Task to carry out:
Each line of the records below that contains "Youth" needs to be copied.
Top of Provided entries
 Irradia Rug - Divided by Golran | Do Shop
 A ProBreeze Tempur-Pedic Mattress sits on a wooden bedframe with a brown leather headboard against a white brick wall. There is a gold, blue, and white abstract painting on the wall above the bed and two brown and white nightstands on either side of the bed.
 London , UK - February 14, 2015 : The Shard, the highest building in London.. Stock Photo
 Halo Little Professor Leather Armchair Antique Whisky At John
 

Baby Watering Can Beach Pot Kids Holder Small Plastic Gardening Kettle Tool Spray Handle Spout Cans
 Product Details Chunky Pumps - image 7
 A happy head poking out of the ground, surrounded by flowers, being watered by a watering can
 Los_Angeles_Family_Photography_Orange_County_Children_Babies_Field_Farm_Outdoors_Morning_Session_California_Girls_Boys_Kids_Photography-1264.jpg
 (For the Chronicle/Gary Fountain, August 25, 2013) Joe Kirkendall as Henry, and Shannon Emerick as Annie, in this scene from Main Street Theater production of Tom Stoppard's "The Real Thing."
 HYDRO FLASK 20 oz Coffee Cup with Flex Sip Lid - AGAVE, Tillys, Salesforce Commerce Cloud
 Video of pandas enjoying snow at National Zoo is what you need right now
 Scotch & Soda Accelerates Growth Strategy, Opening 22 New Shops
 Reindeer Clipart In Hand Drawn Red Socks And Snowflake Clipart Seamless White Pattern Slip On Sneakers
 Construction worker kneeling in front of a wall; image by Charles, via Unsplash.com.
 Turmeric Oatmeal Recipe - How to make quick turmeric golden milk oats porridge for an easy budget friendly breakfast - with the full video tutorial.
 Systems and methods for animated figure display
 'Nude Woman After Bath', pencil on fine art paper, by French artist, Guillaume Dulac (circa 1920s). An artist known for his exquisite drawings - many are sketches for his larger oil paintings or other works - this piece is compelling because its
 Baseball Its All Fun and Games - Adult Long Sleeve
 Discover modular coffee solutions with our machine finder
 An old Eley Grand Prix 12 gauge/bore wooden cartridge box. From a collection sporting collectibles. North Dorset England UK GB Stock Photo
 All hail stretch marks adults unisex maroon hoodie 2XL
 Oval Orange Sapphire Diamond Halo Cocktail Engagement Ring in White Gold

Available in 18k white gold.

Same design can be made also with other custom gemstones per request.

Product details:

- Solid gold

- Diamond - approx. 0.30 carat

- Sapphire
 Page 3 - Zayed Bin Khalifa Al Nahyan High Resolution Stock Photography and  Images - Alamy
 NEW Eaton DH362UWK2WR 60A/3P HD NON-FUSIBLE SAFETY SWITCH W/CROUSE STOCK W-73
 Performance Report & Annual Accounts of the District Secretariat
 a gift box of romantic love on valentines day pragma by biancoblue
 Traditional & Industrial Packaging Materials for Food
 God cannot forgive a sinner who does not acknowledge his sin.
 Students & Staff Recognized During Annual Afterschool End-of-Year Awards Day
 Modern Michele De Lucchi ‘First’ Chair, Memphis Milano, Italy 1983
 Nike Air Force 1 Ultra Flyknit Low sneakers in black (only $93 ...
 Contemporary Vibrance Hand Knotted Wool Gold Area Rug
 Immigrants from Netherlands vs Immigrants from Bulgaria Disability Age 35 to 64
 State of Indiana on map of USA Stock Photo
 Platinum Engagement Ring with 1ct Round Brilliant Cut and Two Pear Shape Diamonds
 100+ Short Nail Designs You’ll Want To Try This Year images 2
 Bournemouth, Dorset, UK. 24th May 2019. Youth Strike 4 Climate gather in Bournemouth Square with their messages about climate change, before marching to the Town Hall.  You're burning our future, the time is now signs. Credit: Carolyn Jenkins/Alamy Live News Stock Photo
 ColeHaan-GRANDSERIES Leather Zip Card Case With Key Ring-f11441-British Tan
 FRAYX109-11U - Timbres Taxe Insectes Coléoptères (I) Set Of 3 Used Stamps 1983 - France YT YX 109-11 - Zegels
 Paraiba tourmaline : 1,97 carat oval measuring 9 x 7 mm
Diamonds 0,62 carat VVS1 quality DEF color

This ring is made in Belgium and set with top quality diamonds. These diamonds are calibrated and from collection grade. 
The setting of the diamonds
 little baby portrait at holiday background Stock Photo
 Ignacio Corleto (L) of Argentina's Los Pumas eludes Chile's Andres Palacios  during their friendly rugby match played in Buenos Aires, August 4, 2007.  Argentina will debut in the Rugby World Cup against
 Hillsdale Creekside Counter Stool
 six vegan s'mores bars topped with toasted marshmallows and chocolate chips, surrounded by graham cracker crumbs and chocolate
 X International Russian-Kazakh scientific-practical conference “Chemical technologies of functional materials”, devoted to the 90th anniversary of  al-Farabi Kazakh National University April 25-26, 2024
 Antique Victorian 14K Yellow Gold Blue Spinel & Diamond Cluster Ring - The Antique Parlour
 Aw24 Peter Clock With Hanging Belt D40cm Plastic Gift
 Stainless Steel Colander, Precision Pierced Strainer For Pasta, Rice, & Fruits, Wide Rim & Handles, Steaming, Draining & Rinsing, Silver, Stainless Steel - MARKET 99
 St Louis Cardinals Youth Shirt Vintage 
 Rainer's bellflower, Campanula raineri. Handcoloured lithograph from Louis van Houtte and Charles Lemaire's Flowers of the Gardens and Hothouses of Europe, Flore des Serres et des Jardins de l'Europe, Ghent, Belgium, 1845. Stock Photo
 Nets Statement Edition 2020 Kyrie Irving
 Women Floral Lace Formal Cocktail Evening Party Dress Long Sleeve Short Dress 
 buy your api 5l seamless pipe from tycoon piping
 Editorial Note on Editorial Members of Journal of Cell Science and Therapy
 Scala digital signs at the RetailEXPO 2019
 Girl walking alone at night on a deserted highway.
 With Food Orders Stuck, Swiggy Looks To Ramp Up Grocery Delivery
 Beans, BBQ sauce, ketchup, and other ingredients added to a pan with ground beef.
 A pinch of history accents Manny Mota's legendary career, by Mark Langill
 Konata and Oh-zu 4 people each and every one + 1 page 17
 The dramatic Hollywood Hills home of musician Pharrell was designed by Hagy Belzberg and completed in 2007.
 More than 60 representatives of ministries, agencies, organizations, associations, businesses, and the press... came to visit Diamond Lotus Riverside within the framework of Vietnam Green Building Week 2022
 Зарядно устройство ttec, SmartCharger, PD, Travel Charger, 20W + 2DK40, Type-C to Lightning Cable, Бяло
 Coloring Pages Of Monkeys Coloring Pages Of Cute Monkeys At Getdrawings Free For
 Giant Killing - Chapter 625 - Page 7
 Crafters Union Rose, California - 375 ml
Bottom of Provided entries
Answer to the problem:
 Bournemouth, Dorset, UK. 24th May 2019. Youth Strike 4 Climate gather in Bournemouth Square with their messages about climate change, before marching to the Town Hall.  You're burning our future, the time is now signs. Credit: Carolyn Jenkins/Alamy Live News Stock Photo
 St Louis Cardinals Youth Shirt Vintage 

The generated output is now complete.